*Your instructions:*
Copy out the data below from the line containing "Libya 1 Dinar ND (1991) #4182" to the line containing "At the Guimet", both lines included, with all images left out.

-- Available records follows --

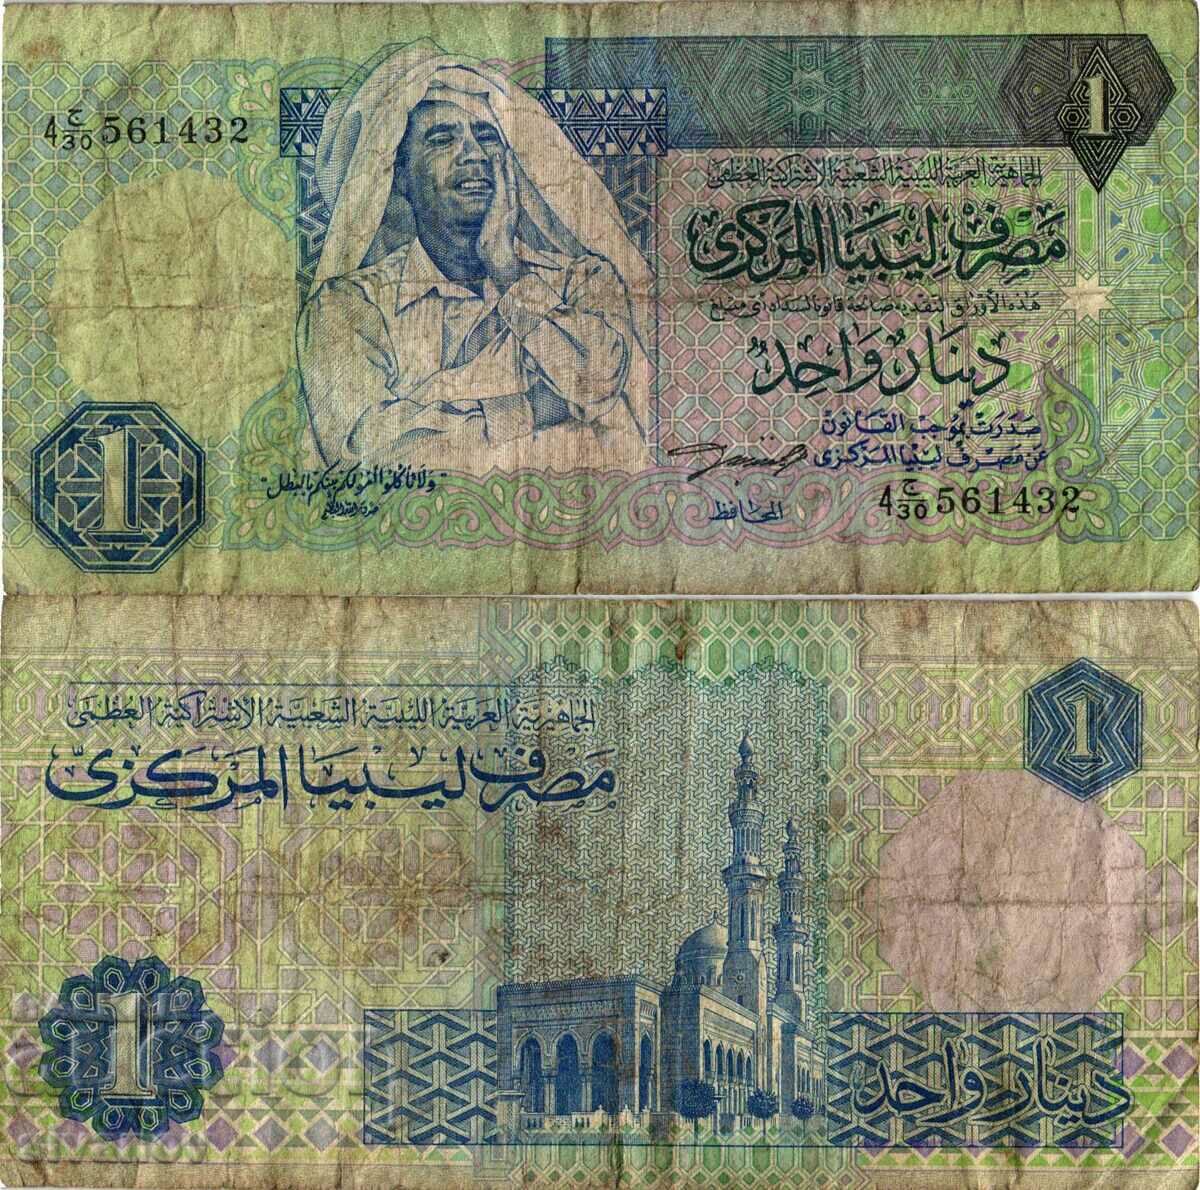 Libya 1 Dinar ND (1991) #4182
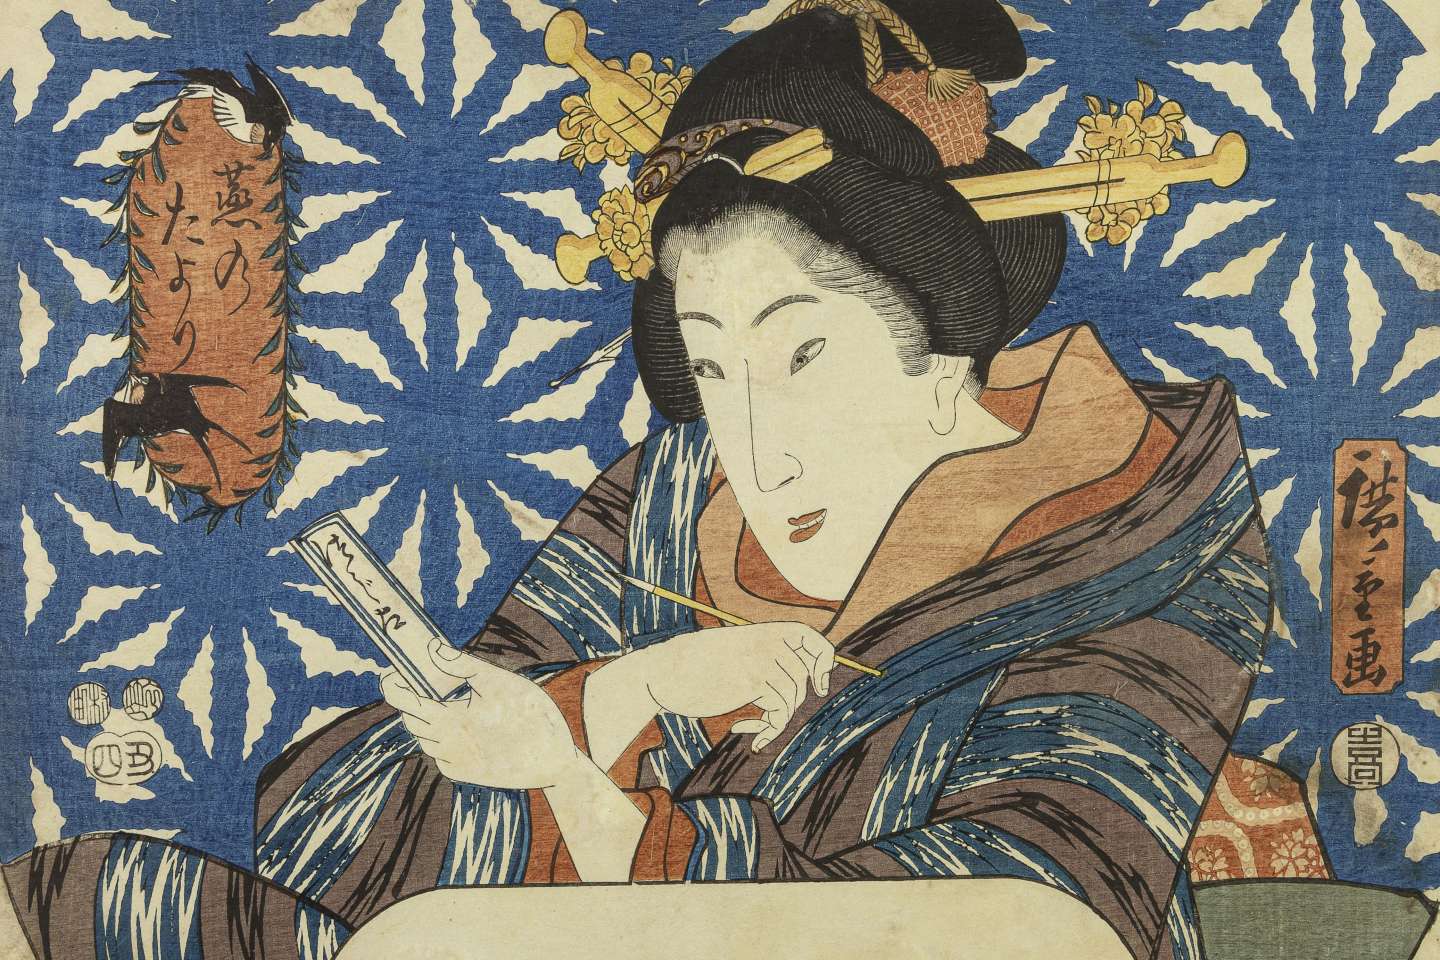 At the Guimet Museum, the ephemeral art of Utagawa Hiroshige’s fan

-- Available records concluded --
-- Available records follows --

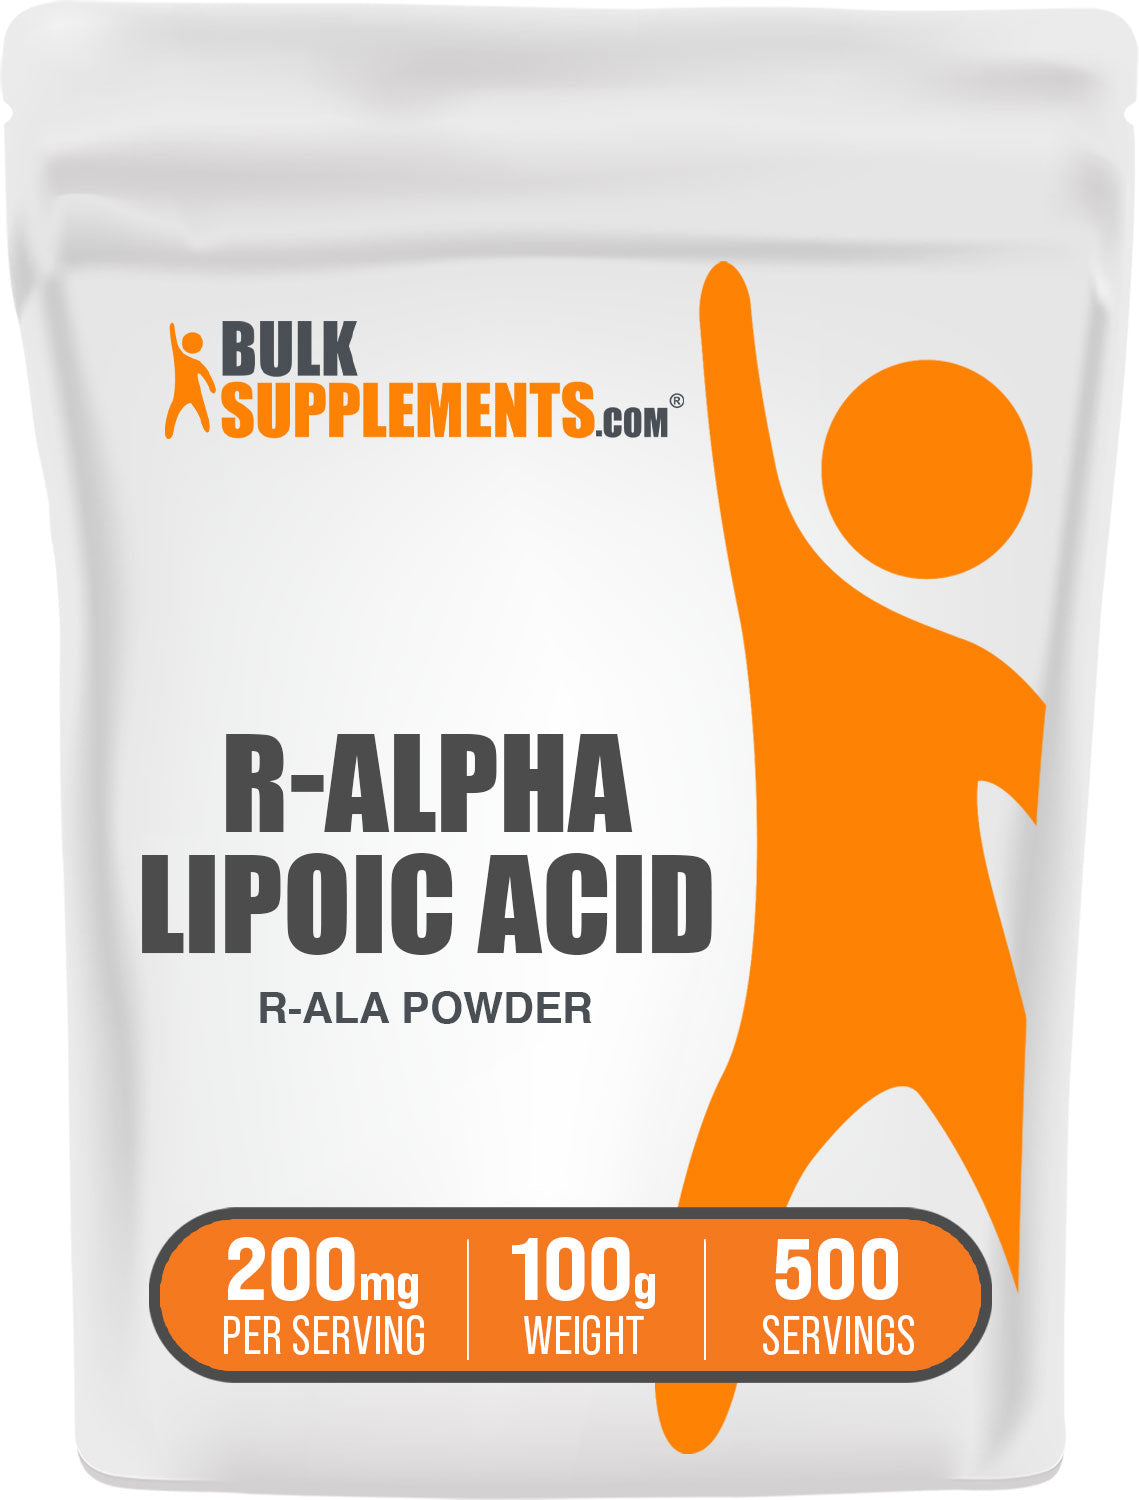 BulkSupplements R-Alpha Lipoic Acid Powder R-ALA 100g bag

-- Available records concluded --

*Exercise result:*
 Libya 1 Dinar ND (1991) #4182
 At the Guimet Museum, the ephemeral art of Utagawa Hiroshige’s fan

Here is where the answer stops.